TANGERANG SELATAN – Serikat Media Siber Indonesia (SMSI) Kota Tangerang Selatan (Tangsel) mendorong pemerintah daerah lebih transparan dalam pengelolaan belanja publikasi dan iklan pada organisasi perangkat daerah (OPD).
Dorongan itu disampaikan di tengah kondisi perusahaan media lokal yang dinilai semakin menghadapi tekanan ekonomi. SMSI Tangsel melihat sektor periklanan menjadi salah satu aspek penting yang perlu diperkuat agar perusahaan pers lokal dapat mempertahankan operasional sekaligus memberikan ruang kerja yang berkelanjutan bagi wartawan dan pekerja media.
Ketua SMSI Kota Tangerang Selatan, David Saragih, mengatakan pemerintah sebenarnya memiliki anggaran publikasi pada setiap OPD. Namun, menurutnya, masih diperlukan keterbukaan mengenai mekanisme kerja sama dan dasar penentuan tarif publikasi yang diberlakukan masing-masing perangkat daerah.
“Kita melihat faktor ekonomi yang sedang lambat pertumbuhannya. Di sisi lain, perkembangan media lokal saat ini bisa dibilang hidup segan, mati pun tak mau,” kata David saat dikonfirmasi, Kamis (20/8/2026).

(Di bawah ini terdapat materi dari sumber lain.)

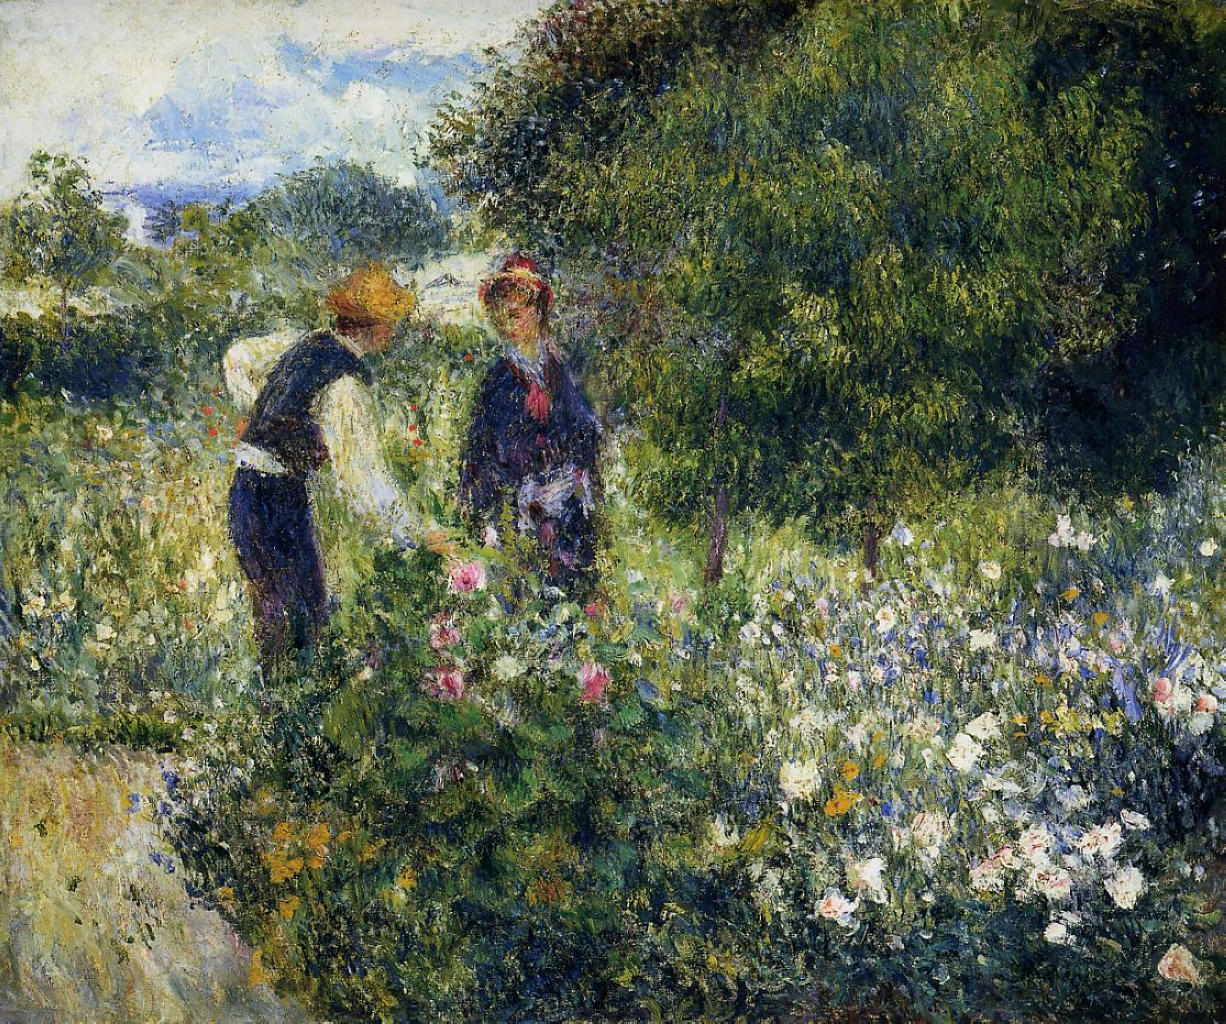 Pierre+Auguste+Renoir-1841-1-19 (605).jpg

Ia menilai perbedaan satuan harga publikasi antar-OPD perlu mendapatkan penjelasan agar perusahaan media mengetahui dasar penetapan harga yang digunakan.
“Artinya, satuan harga di tiap dinas itu berbeda. Yang menjadi pertanyaan, dasar satuan harga untuk beriklan itu apa? Untuk media lokal seperti apa dan media nasional seperti apa?” ujarnya.

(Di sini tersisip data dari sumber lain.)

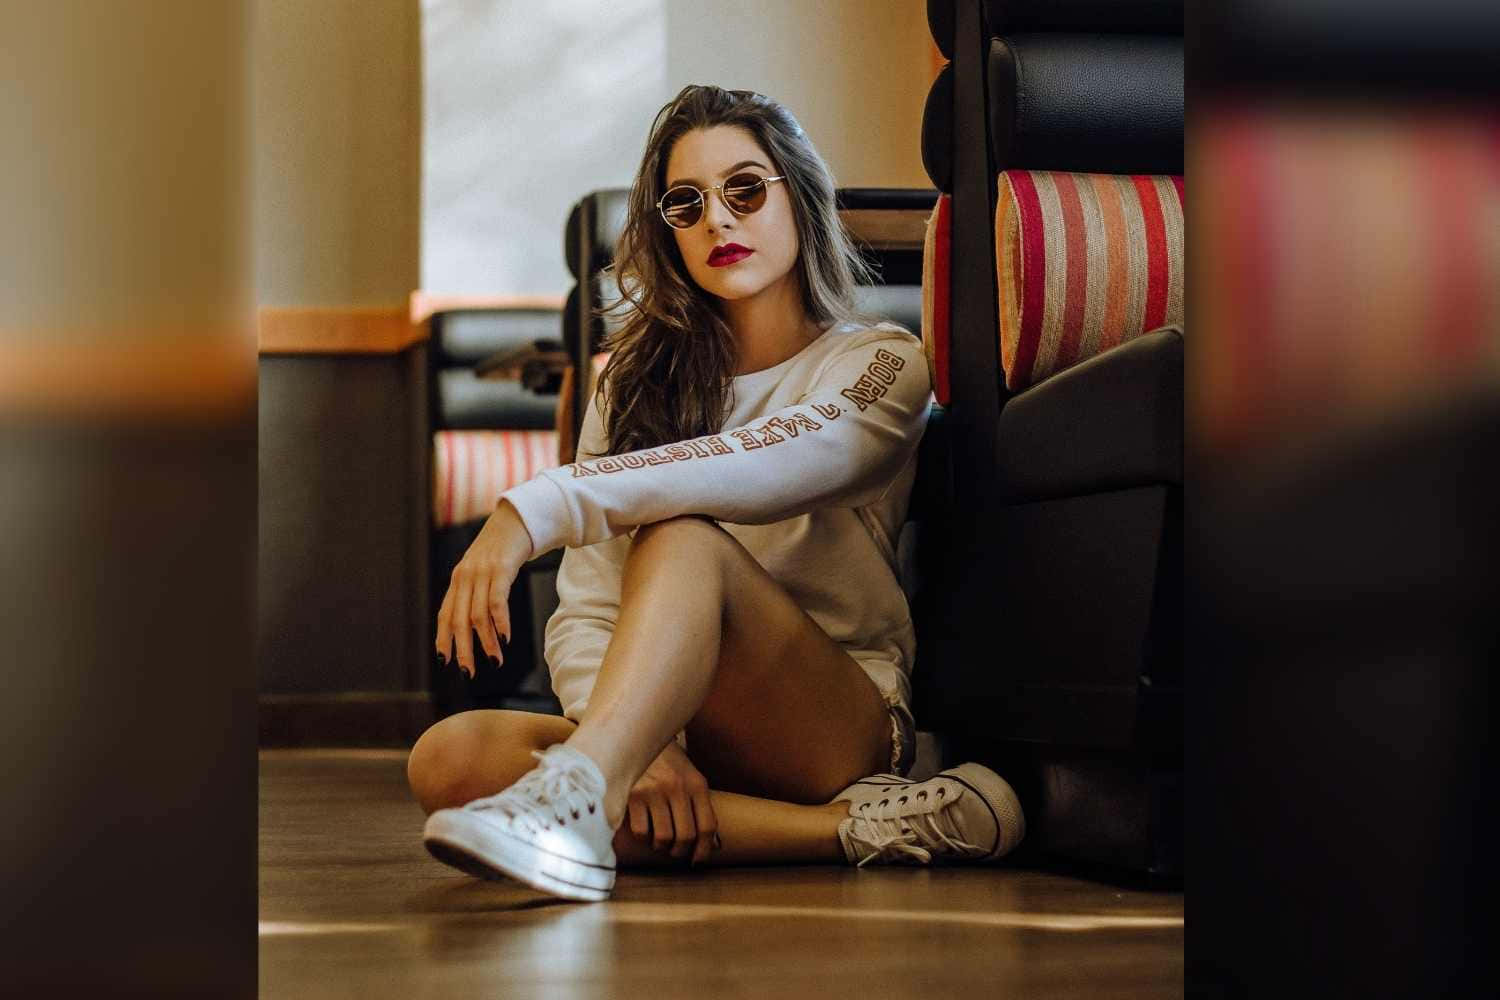 Imagende Una Chica Con Gafas De Sol En Pose Sentada

Media Online Tak Lagi Terbatas Batas Wilayah
David juga menyoroti perkembangan media siber yang menurutnya telah mengubah pola distribusi informasi. Media online lokal, kata dia, tetap berpotensi menjangkau pembaca di luar daerah bahkan hingga mancanegara.
“Cyber ini tidak hanya skala lokal dan nasional, tetapi secara global. Pembacanya juga bukan hanya lokal atau nasional, tetapi bisa global,” katanya.
Menurutnya, kondisi tersebut menjadi peluang bagi pemerintah dan sektor swasta untuk memanfaatkan media online sebagai sarana komunikasi publik sekaligus promosi.
Karena itu, SMSI Tangsel mendorong pemerintah daerah tidak hanya melihat media lokal dari sisi batas geografis, tetapi juga berdasarkan potensi jangkauan dan karakteristik audiensnya.
Mendorong Ekosistem Media yang Berkelanjutan
David mengatakan industri media lokal memiliki peran penting dalam menyampaikan informasi pembangunan kepada masyarakat. Namun, keberlangsungan perusahaan pers juga membutuhkan ekosistem ekonomi yang sehat.
“Potensinya masih sangat besar dan itu membutuhkan dukungan,” ujarnya.
Ia berharap pemerintah daerah dan dunia usaha dapat membangun pola kerja sama yang profesional dengan perusahaan media lokal. Dukungan tersebut dinilai bukan hanya membantu perusahaan pers, tetapi juga berdampak pada kesejahteraan wartawan serta pekerja media.
“Ini juga berarti mendorong pemerintah untuk bersama-sama dengan perusahaan media lokal. Dengan begitu, ekonomi di Tangerang Selatan tetap bisa berputar,” kata David.
Ia mengingatkan, jika kondisi ekonomi terus melambat dan tidak ada dukungan dari pemerintah maupun sektor swasta, perusahaan media lokal akan semakin sulit bertahan.
“Kalau perkembangan perekonomian sedang lambat dan tidak ada dorongan dari pemerintah daerah ataupun pihak swasta, perlahan-lahan perusahaan media lokal bisa mati,” tegasnya.
Melalui Gerakan Beriklan di Media Online Lokal, SMSI Tangsel berharap lahir pola kemitraan yang lebih sehat antara pemerintah, dunia usaha, dan perusahaan pers.
SMSI juga mendorong agar mekanisme pengadaan serta satuan harga publikasi dan advertorial di masing-masing OPD dapat dibuka secara jelas sehingga perusahaan media memiliki kepastian dan pemahaman yang sama dalam menjalin kerja sama.
“Dukungan dan dorongan pemerintah, khususnya pemerintah daerah, bersama pihak swasta, harus menjadi sinergi baru bagi perusahaan-perusahaan pers lokal,” pungkas David.